The Chief Examining Officer, in its re-computation, included the bonuses of the
employees.
• CIR ordered to pay the bakcwages of the respondents based on the re-computation.

Issue:

Whether or not the doctrine of piercing of the corporate veil may be applied in this case.

Ruling:

Yes. Petitioners did not dispute the fact that the Claparols Steel and Nail Plant (which
ceased ops on June 30) was succeeded by the Claparols Steel Corporation effective July 1 1957
up to December 7, 1962. It’s very clear that Claparols Steel was a continuation and successor of
the 1st entity, and its emergence was skillfully timed to avoid the financial liability that attached to
its predecessor.

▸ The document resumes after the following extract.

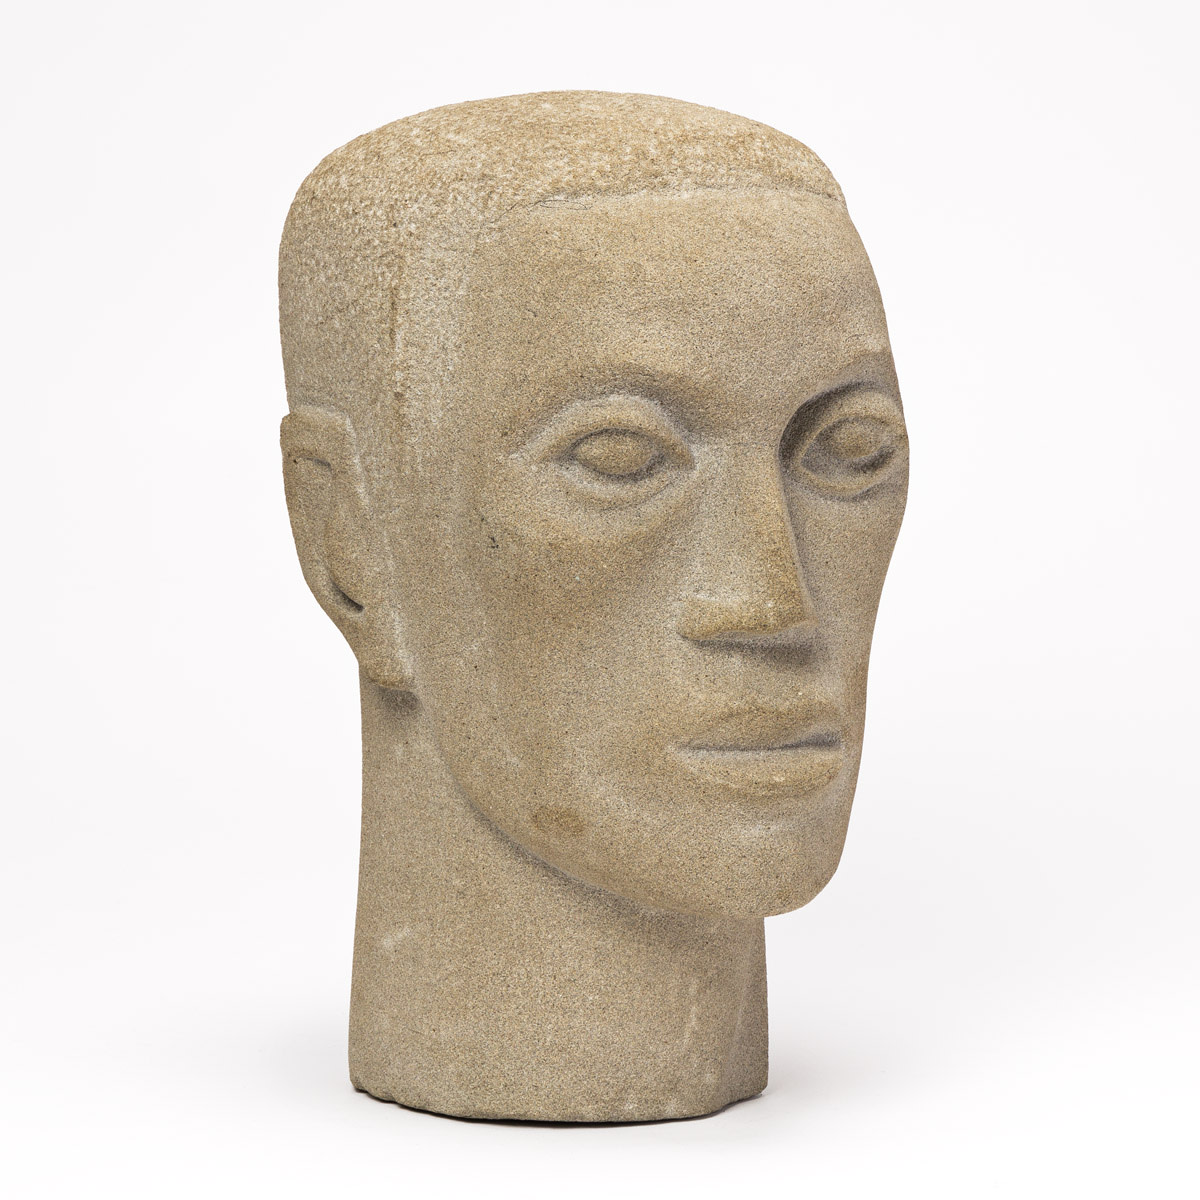 Elizabeth Catlett, “Head,” carved limestone, 1943; sold for $485,00, a record for Catlett.

Both predecessors and successor were owned and controlled by petitioner
Eduardo Claparols and there was no break in the succession and continuity of the same business.
According to the court, this “avoiding-the-liability” scheme is very patent, considering that 90% of
the subscribed shares of stock of Claparols Steel was owned by Claparols himself. It is very
obvious that the 2nd corporation seeks the protective shield of a corporate fiction whose veil in this
case should be pierced as it was deliberately and maliciously designed to evade its financial
obligations to its employees.
In Yutivo Sons v CTA, SC held that when the notion of legal entity is used to defeat public
convenience, justify wrong, protect fraud, or defend crime, the law will regard the corporation as
an association or persons, or in the case of two corporations, will merge them into one. In Liddel
v CIR, the SC also held that where a corporation is a dummy and serves no business purpose
and is intended only as a blind, the corporate fiction may be ignored. In CIR v Norton and
Harrison, the Court ruled that where a corporation is merely an adjunct, business conduit or alter
ego of another corporation, the fiction of separate and distinct corporate entities should be
disregarded. The Court thus agreed with the CIR in ordering that back wages be computed until
December 7 1962, or the period when the successor Claparols Steel ceased operations.